Yes, bank staff are rubbish

Now, to lionise the human spirit in the abstract, as we do, is not to say we sanctify bank employees as a class in the particular. The JC has a quarter century among them. They are unusually paid, but not gifted or intelligent.

It is an ongoing marvel how commercial banking organisations can be so reliably profitable given the calibre of the hoardes they employ to steer them. We have argued elsewhere that informal systems tend to be configured to ensure staff mediocrity over time. Others have too.[9]

But the current orthodoxy contributes to this system. Use machines , networks and connectivity to downskill. Why pay for expert staff to do drudgery in London when you can have School-leavers in Bucharest do it for a quarter the cost?

Why are you suffering drudgery at all? Why aren’t you using the great experience and expertise of your people to eliminate drudgery?

There is a negative feedback loop here: the experts in London are able and incentivised to eliminate drudgery. Able because they understand the product and the market, and know well what matters and what doesn’t. Incentivised because this stuff is boring.

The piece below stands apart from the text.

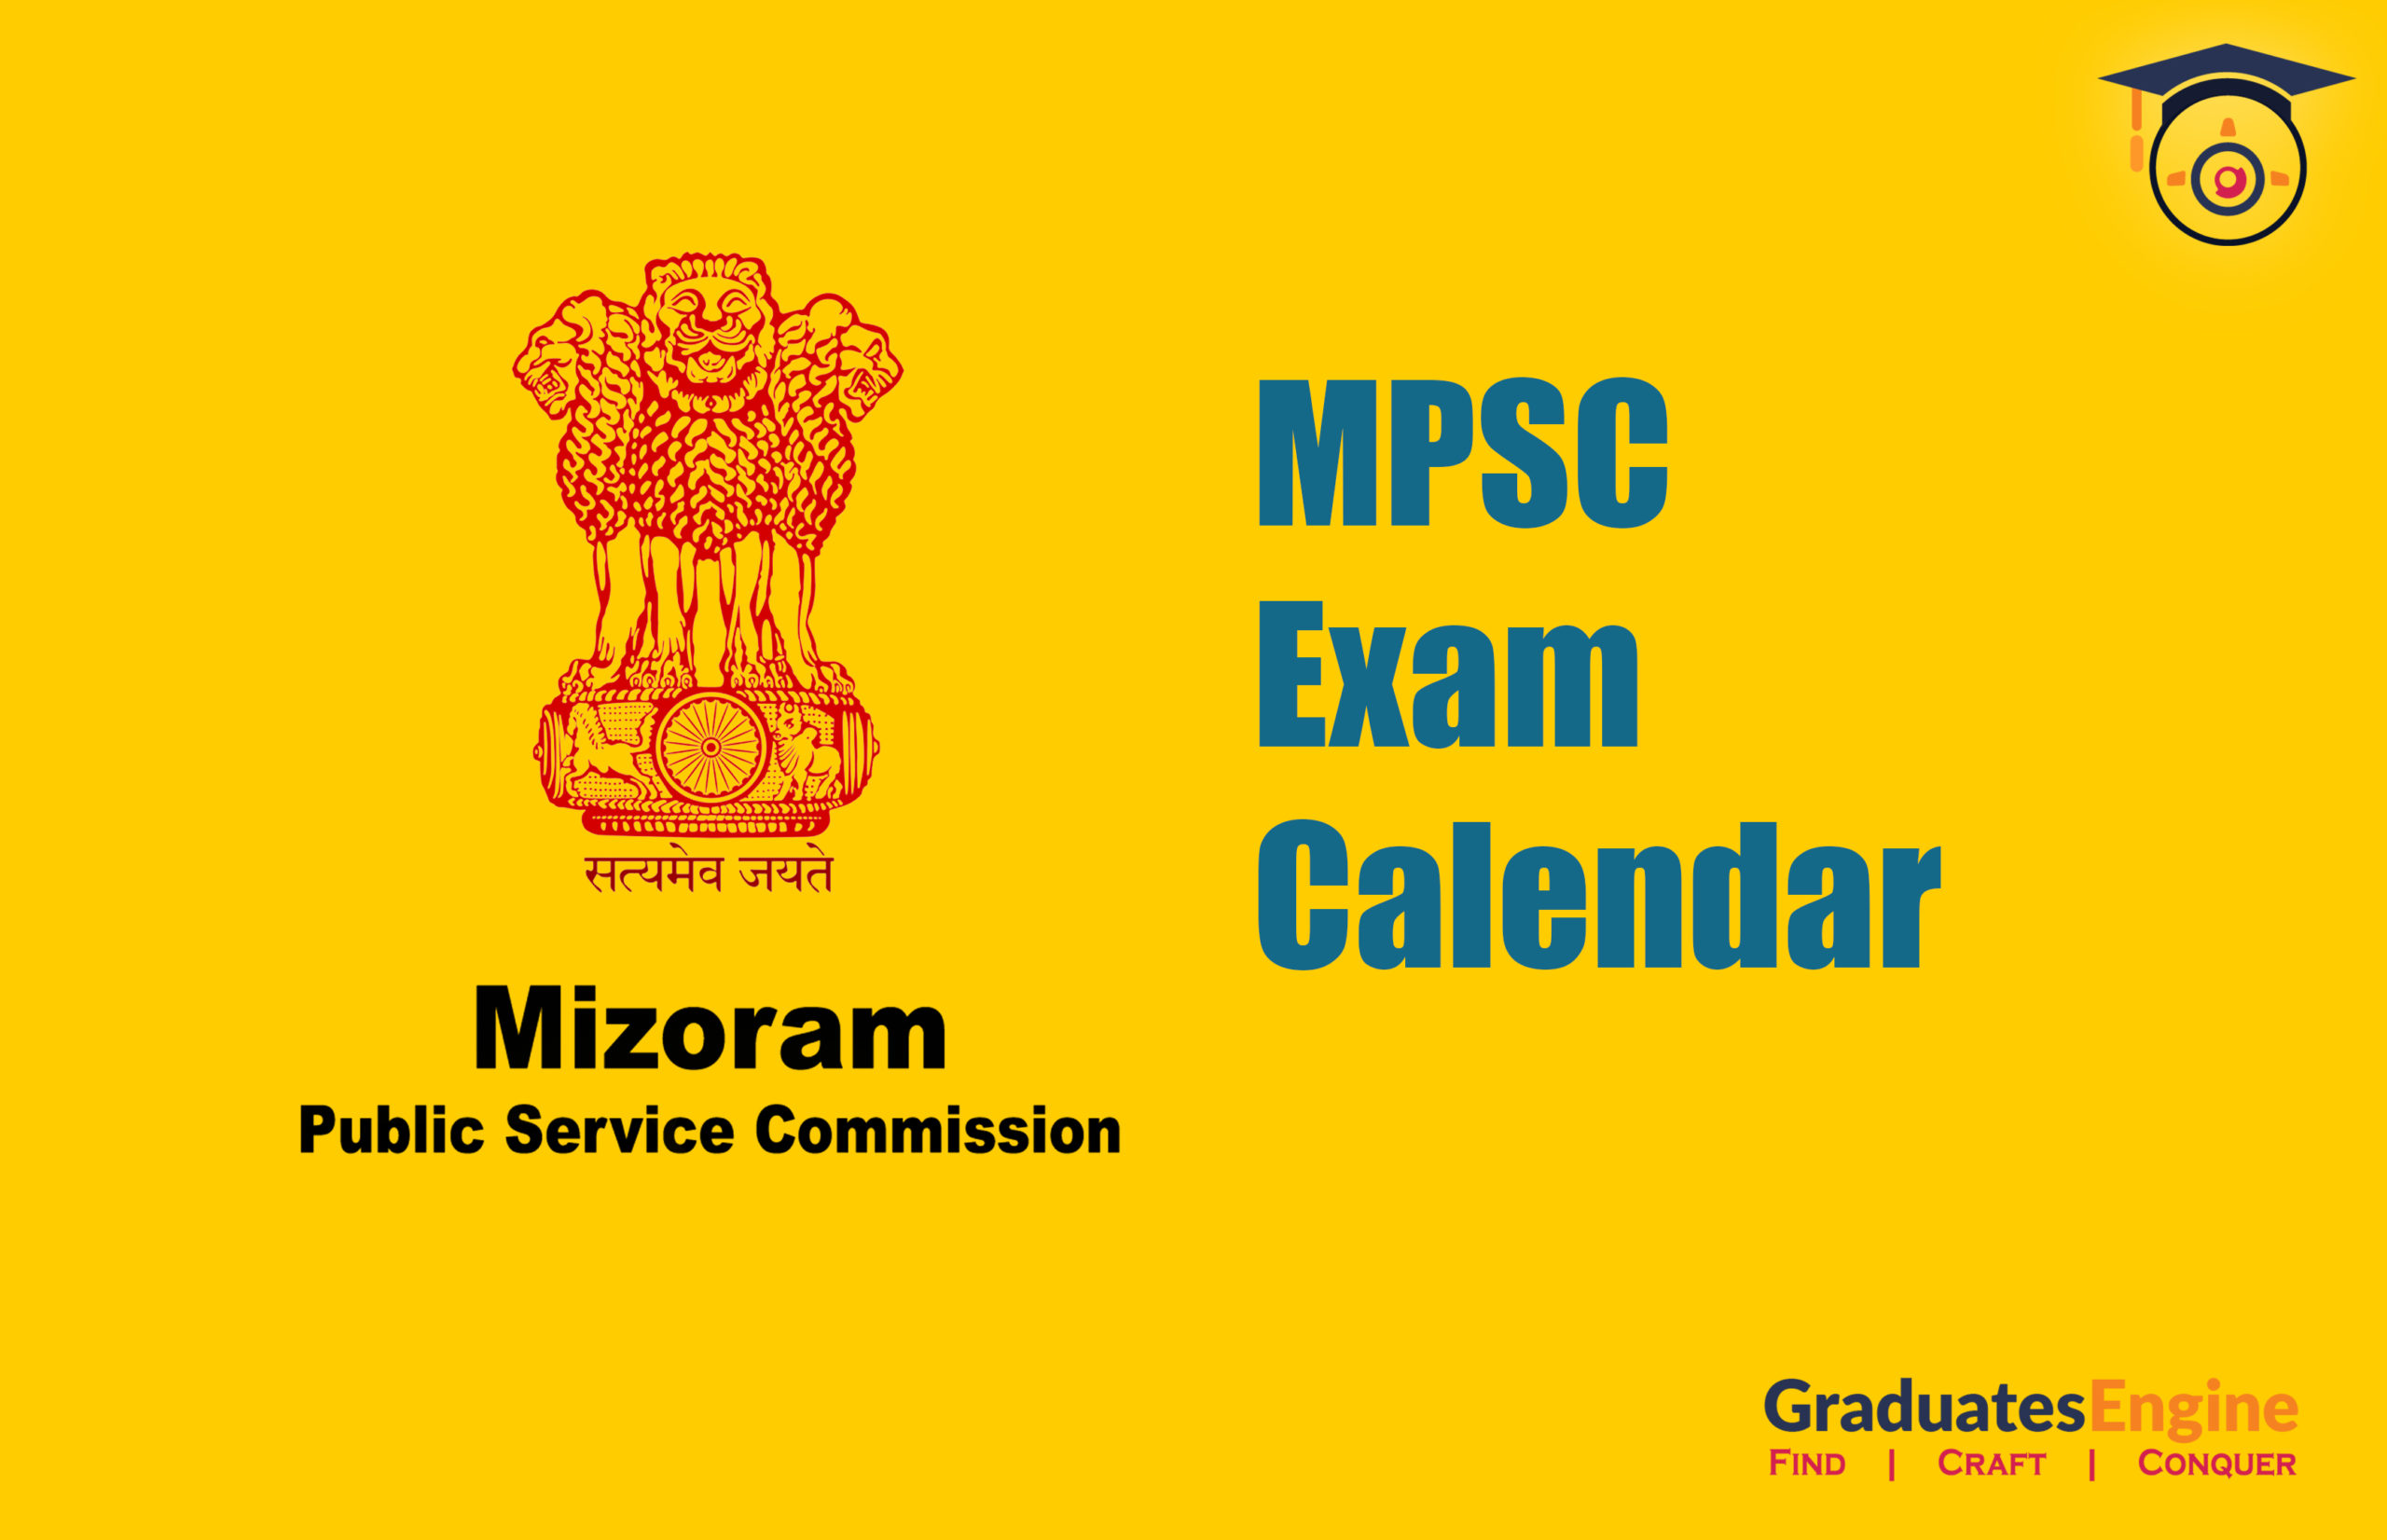 Mizoram Public Service Commission – MPSC | Exam Calendar

Outsourced school-leavers in Romania are not: by design they don’t understand the process — they are only on the park because of a playbook — and they’re not incentivised to remove drudgery because doing so would puts them out of a job. Recall the agency paradox.

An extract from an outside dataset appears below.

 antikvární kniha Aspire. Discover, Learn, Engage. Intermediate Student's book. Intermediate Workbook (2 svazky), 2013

So we construct the incentives inside the organisation to cultivate a will to bureaucracy. Complicatedness is somewhere between a necessary evil and a virtue.

We continue to get away with it because of the scale these businesses run on, and because most are infected with exactly the same philosophy.

Sunlit uplands

If you were setting up a challenger bank today, what would you do? Imagine setting them free: automating the truly quotidian stuff, re-emphasising away from bureaucracy as the greatest good, and towards relationships management and expertise?

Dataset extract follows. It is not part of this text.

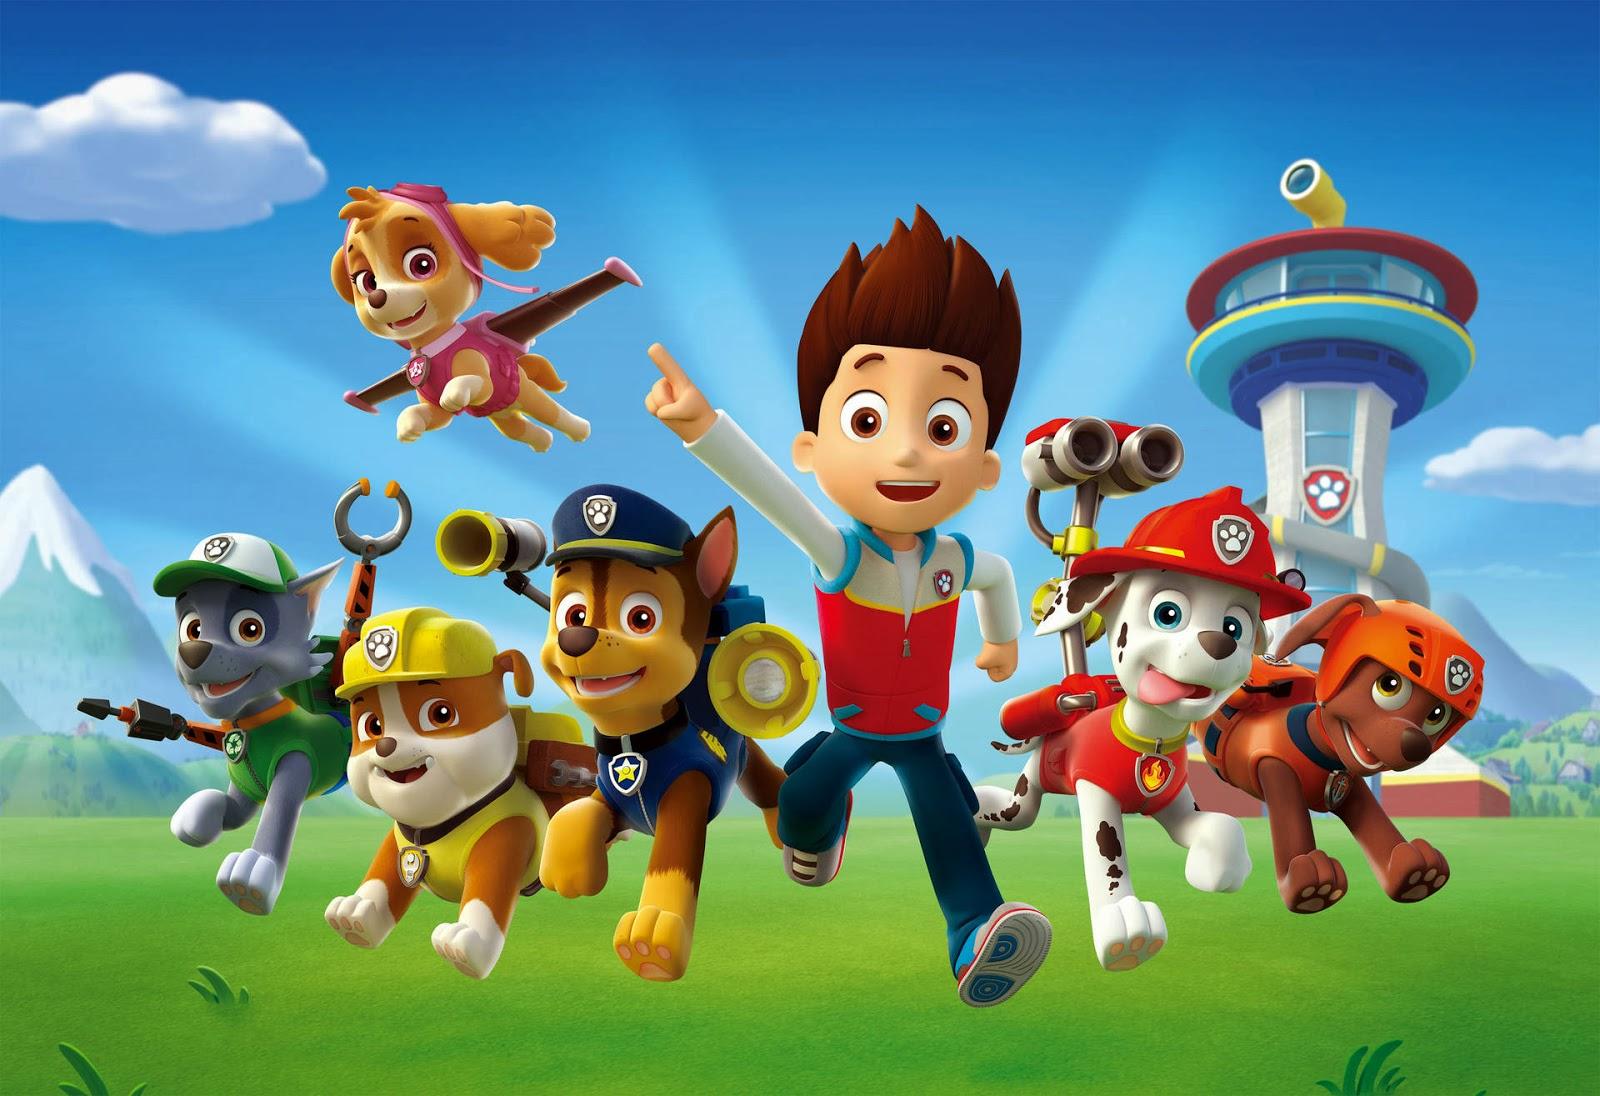 paw-patrol-characters-cast-stars-nickelodeon-preschool-nick-jr-junior-chase-marshall-rocky-rubble-zuma-skye-ryder-germany-deutschland-press.jpg

  1. The horror! The horror! The irony! The irony!
  2. Life After Google: The Fall of Big Data and the Rise of the Blockchain Economy (2018)
  3. There remain emergent risks, black swans and regulatory complexity, of course, but a lot of stuff could be automated which hasn’t been.
  4. Though we think Mr. Perez rather confuses the product for its manufacturer. We might feel different about Amazon if, rather than making neat space-aged knick-knacks it made a business of coldly foreclosing mortgages, and charging usurious rates on credit card balances. You don’t think it would? Have you seen the cut it takes from the play store?
  5. The JC’s legaltech roll of honour refers.
  6. Our legaltech roll of honour refers.
  7. This is the premise of Thinking: Fast and Slow
  8. See the Bezos memo.
  9. See The Peter Principle; Parkinson’s Law: for classic studies.